Da buon “fascista pragmatico” non ha neanche in passato trascurato di accattivarsi Craxi ed altre personalità del defunto PSI, tradizionalmente di sinistra. Il formale presidenzialismo e sostanziale autoritarismo con un Parlamento supino nei confronti dell’Esecutivo , come , del resto la Magistratura devono essere accompagnati da un “bipartitismo” che vede contrapporsi forze sostanzialmente sovrapponibili.
La suddetta metamorfosi è necessaria ed urgente in una tale prospettiva e , di più , è nei fatti , almeno per ciò che riguarda l’evoluzione verso la costituzione del partito unico di centrosinistra.

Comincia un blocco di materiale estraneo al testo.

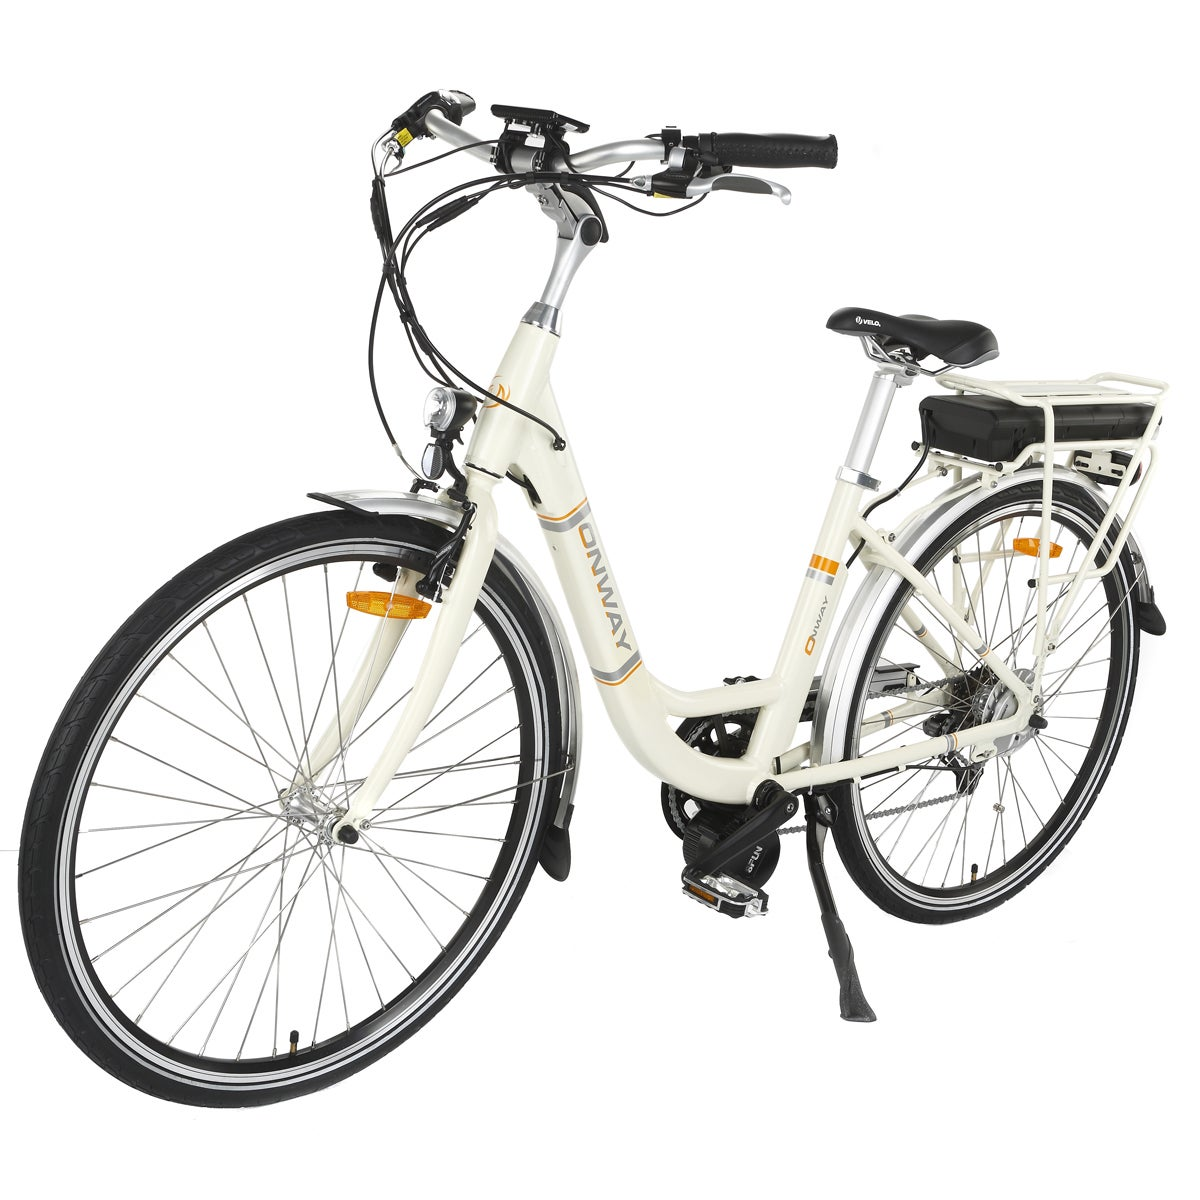 Onway Women's White Aluminum 28-inch 7-speed City E-bike ...

Se il PD nella sua formazione ha mostrato un’evoluzione differente dal partito azienda berlusconiano , è pur vero che , per altri aspetti , presenta delle similitudini , anzitutto nella tendenza alla conformazione di “partito leggero” , con poche mediazioni da parte di organismi interni e , di conseguenza , una concentrazione del potere nelle mani dei leaders.
Gelli lo sa , il completamento di quel “bipolarismo perfetto” è ancora lungi dall’essere realizzato e, tuttavia, siamo ben lontani dai tempi di Berlinguer!
Veltroni, D’Alema e gli altri postcomunisti non costituiscono più l’odiato “pericolo rosso” e possono tornare utili…
Insomma tutto questo periodo, non certo breve, che abbraccia quasi l’arco di un ventennio è stato, fra le altre cose, caratterizzato da una lunga transizione che non si può ritenere ancora completa.
Se da un lato il berlusconismo e la sua egemonia si sono affermate con rapidità , dall’altro la caduta dell’impero sovietico ed il fallimento del comunismo hanno lasciato il vuoto da riempire…
Molto spesso il centrosinistra ha oscillato fra un antiberlusconismo indefinito e dalle venature legalitarie e la tendenza al “compromesso” come una sorta di parodia del più celebre tentativo di dialogo fra Moro e Berlinguer.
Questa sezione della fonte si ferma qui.